In software development, a leaky abstraction is an abstraction that leaks details that it is supposed to abstract away.

As coined by Joel Spolsky, the Law of Leaky Abstractions states:

This statement highlights a particularly problematic cause of software defects: the reliance of the software developer on an abstraction's infallibility.

Spolsky's article gives examples of an abstraction that works most of the time, but where a detail of the underlying complexity cannot be ignored, thus leaking complexity out of the abstraction back into the software that uses the abstraction.

History
The term "leaky abstraction" was popularized in 2002 by Joel Spolsky.

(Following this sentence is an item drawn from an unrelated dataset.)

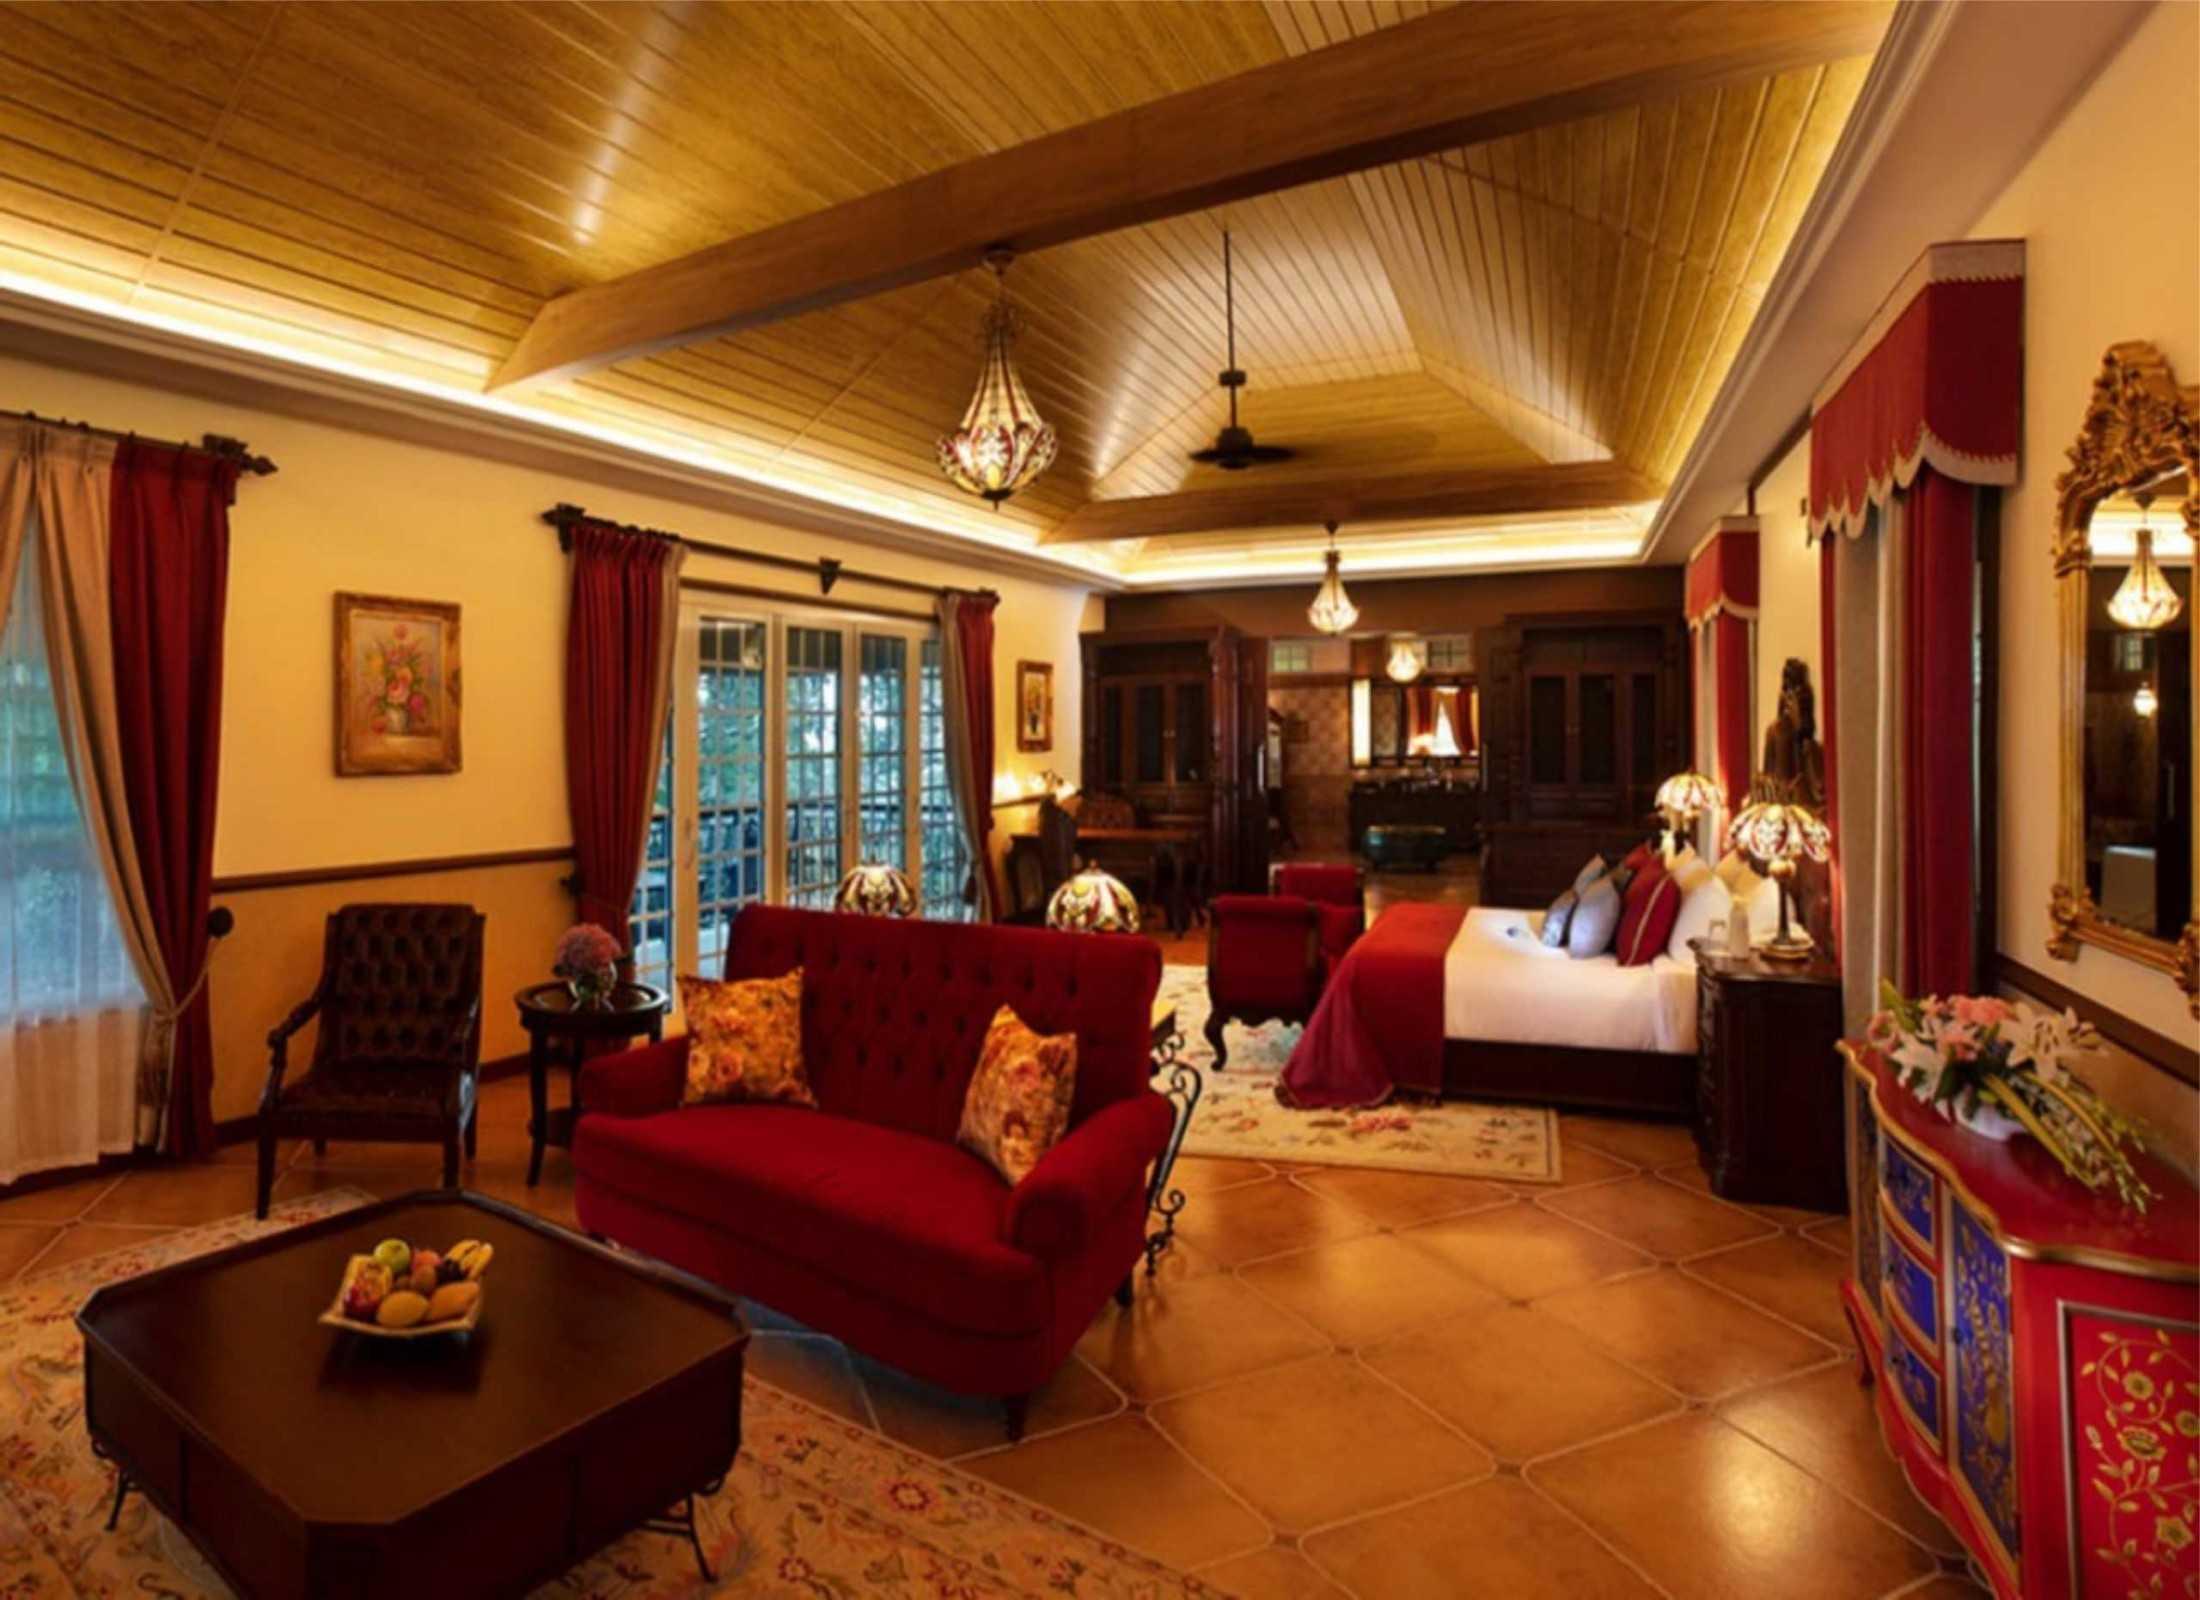 Rekai Design Interior Coorg Wilderness Resort, Coorg-India Virajpet, Main, Mysore - Madikeri Rd, Madikeri, Karnataka 571201, India Virajpet, Main, Mysore - Madikeri Rd, Madikeri, Karnataka 571201, India Rekai-Design-Interior-Coorg-Wilderness-Resort-Coorg-India  113299

An earlier paper by Kiczales describes some of the issues with imperfect abstractions and presents a potential solution to the problem by allowing for the customization of the abstraction itself.

Effect on software development
As systems become more complex, software developers must rely upon more abstractions. Each abstraction tries to hide complexity, letting a developer write software that "handles" the many variations of modern computing.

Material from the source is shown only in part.